**Provided information**
────────
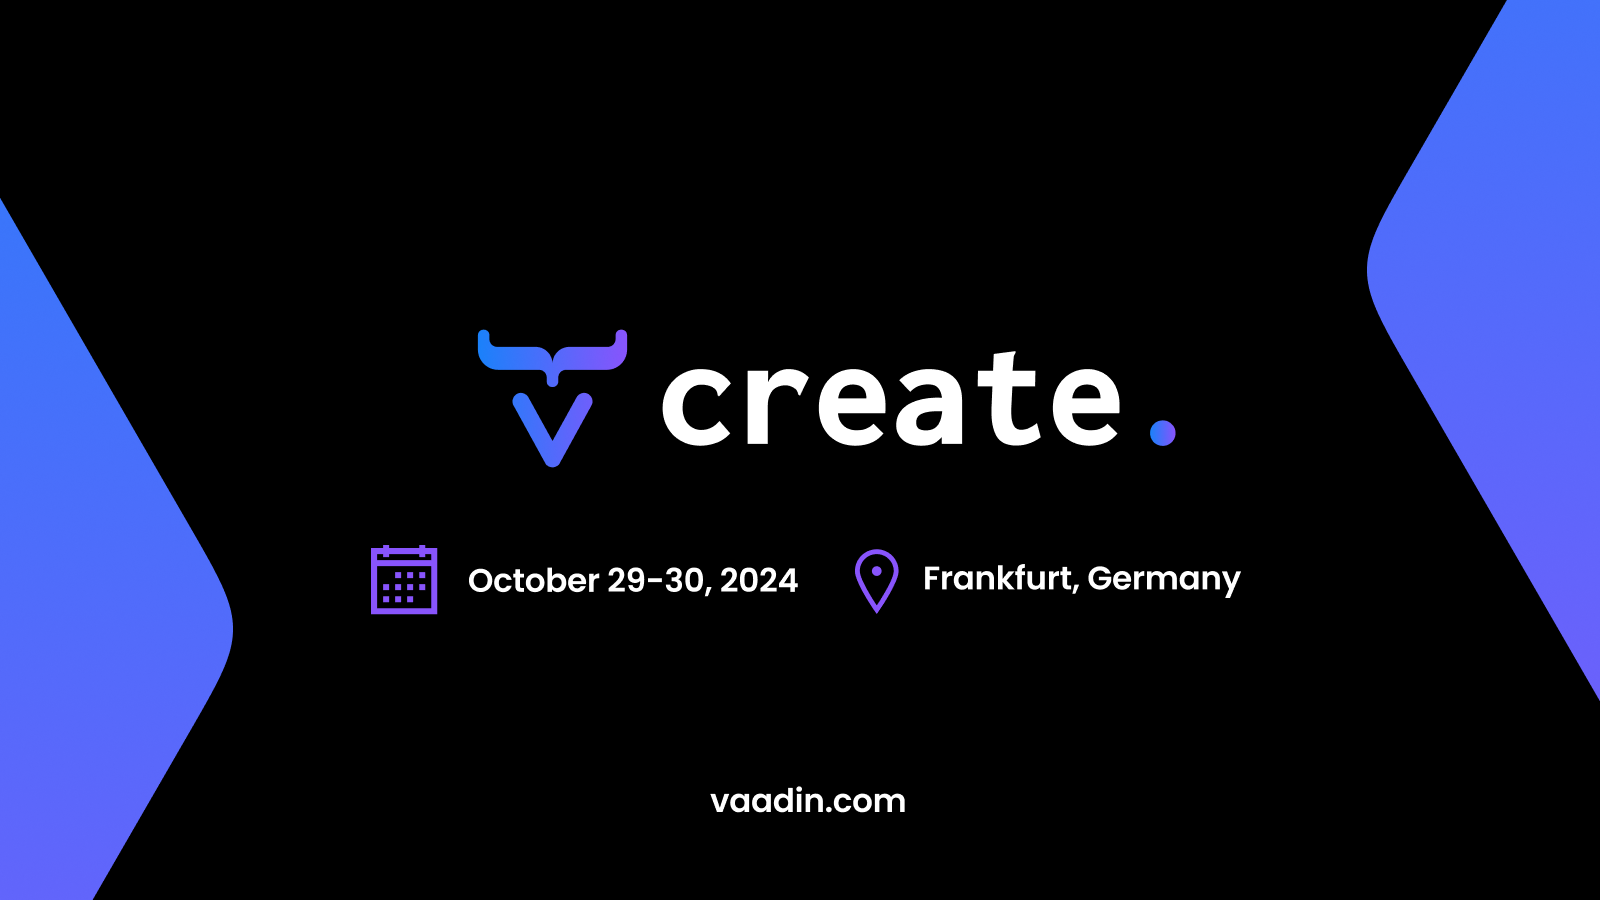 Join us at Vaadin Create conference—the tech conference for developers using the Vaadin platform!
────────
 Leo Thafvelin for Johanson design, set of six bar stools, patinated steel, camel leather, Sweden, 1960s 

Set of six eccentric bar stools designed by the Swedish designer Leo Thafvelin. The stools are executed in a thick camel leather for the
────────
**Exercise**
Using the listing above, copy exactly the line that contains "Leo Thafvelin for", the line that contains "Set of six eccentric", and each line that falls between them.

**Expected output**
 Leo Thafvelin for Johanson design, set of six bar stools, patinated steel, camel leather, Sweden, 1960s 

Set of six eccentric bar stools designed by the Swedish designer Leo Thafvelin. The stools are executed in a thick camel leather for the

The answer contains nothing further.